Tout ceci n'est pas totalement inattendu (surtout le point 3), mais il est utile de prendre parfois un point de vue plus panoramique. Vingt-cinq ans, c'est très long au vu du calendrier de la vie publique (a week is a long time in politics, disait Macmillan). Et s'il est facile de trouver des chiffres qui rendent compte d'évolutions longues, certains changements sont plus difficiles à retracer dans tout leur ampleur.
Sur le premier point, il est utile de rappeler qu'au-delà des tendances lourdes comme l'accroissement de la participation des femmes au marché du travail, qui s'est produit à peu près partout, la France se distingue par une chute libre du travail des hommes "âgés" (plus de 50 ans ! la définition en elle-même fait rêver...) entre 1980 et 1990 : la moitié travaillaient au début de la décennie, un tiers à la fin. L'abaissement de l'âge de la retraite de 65 à 60 ans en 1981 et l'explosion des préretraites ont créé une coordination des anticipations entre employeurs et salariés sur laquelle il est très difficile de revenir : réformes des retraites ou pas, l'âge moyen de départ en retraite aujourd'hui est de 58 ans.

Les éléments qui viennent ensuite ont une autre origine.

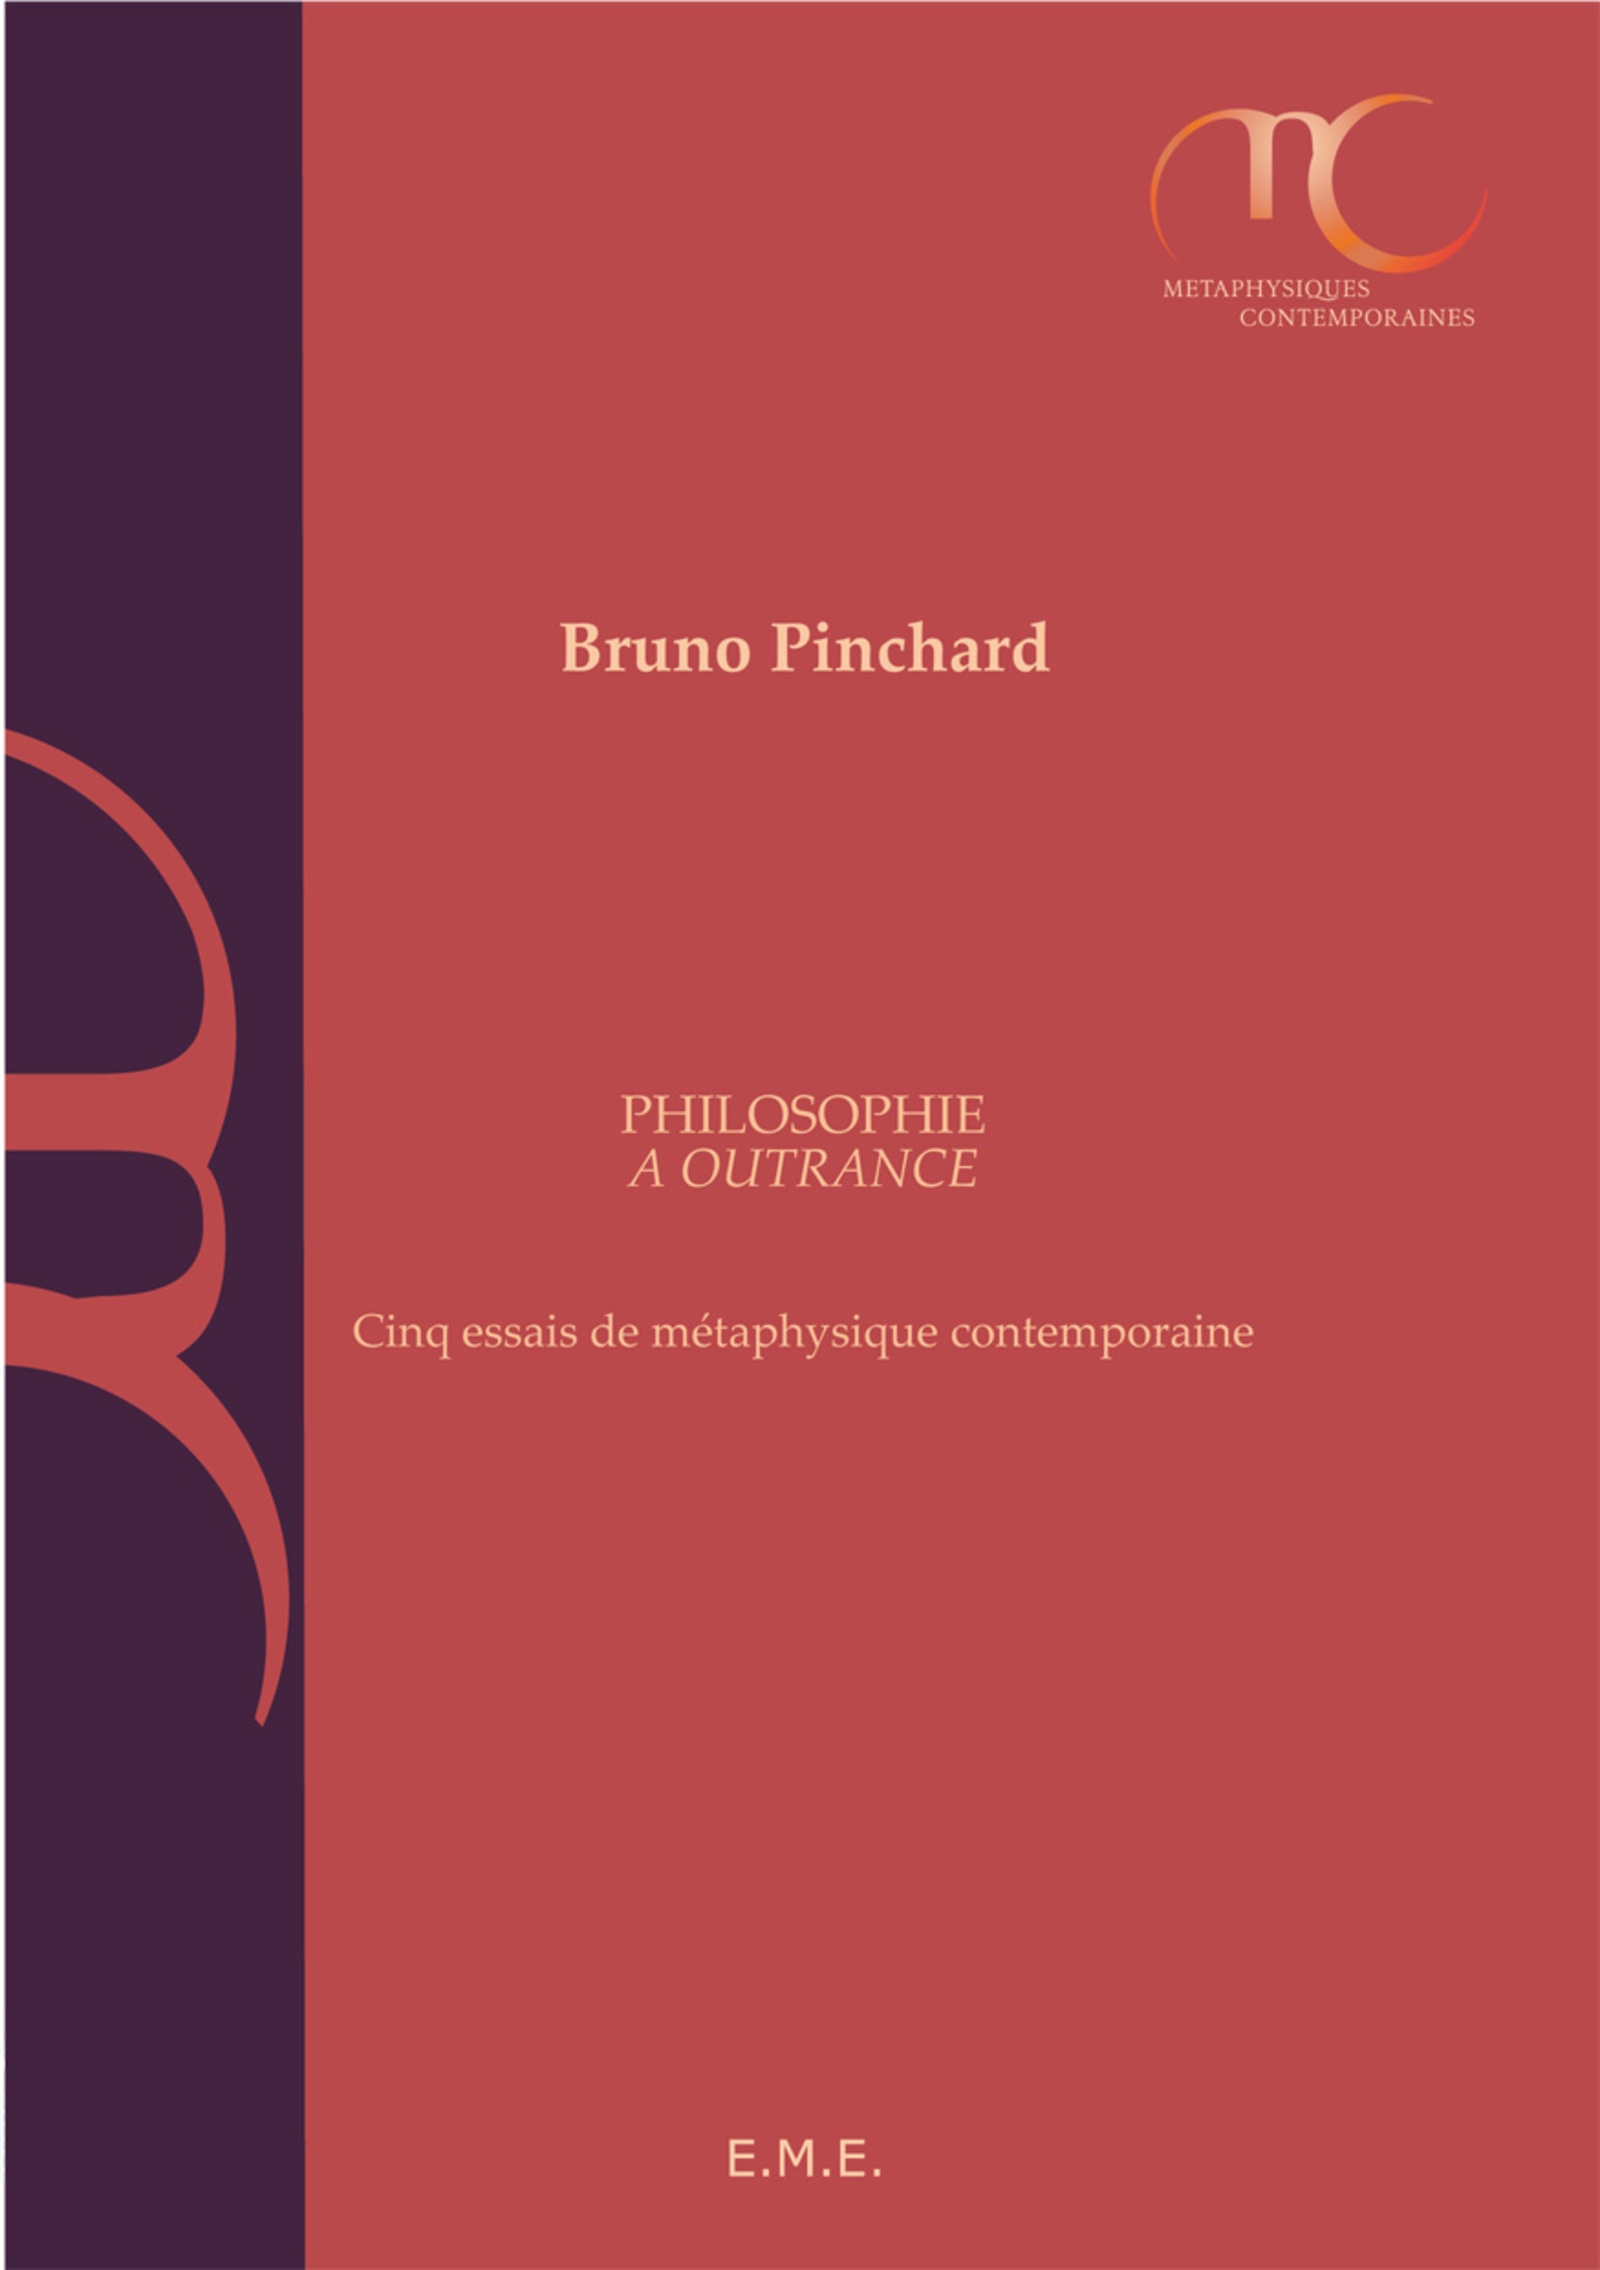 Philosopher à outrance, Cinq essais de métaphysique contemporaine (9782875250278-front-cover)

La décentralisation et son contraire, l'"européanisation", ont également une place de choix. Pourquoi "contraire" et pas "complément" ? Tout simplement parce que les échelons parisiens doivent assumer deux figures difficiles à concilier : le dialogue avec les collectivités locales, dont le budget atteint 8% du PIB (mais la moitié en dotations de l'Etat), et les négociations bruxelloises qui ressortent de la diplomatie. En même temps, les élites sont de moins en moins attirés par une carrière longue dans la fonction publique. L'Ena est devenue pour certains des postulants le moyen d'établir des contacts qui pourront se révéler utiles après un pantouflage rapide dans le privé. Le pantouflage a toujours existé, mais il se fait de plus en plus tôt : 33 démissions du corps de l'Inspection des Finances entre 1990 et 2000...sur 200 membres.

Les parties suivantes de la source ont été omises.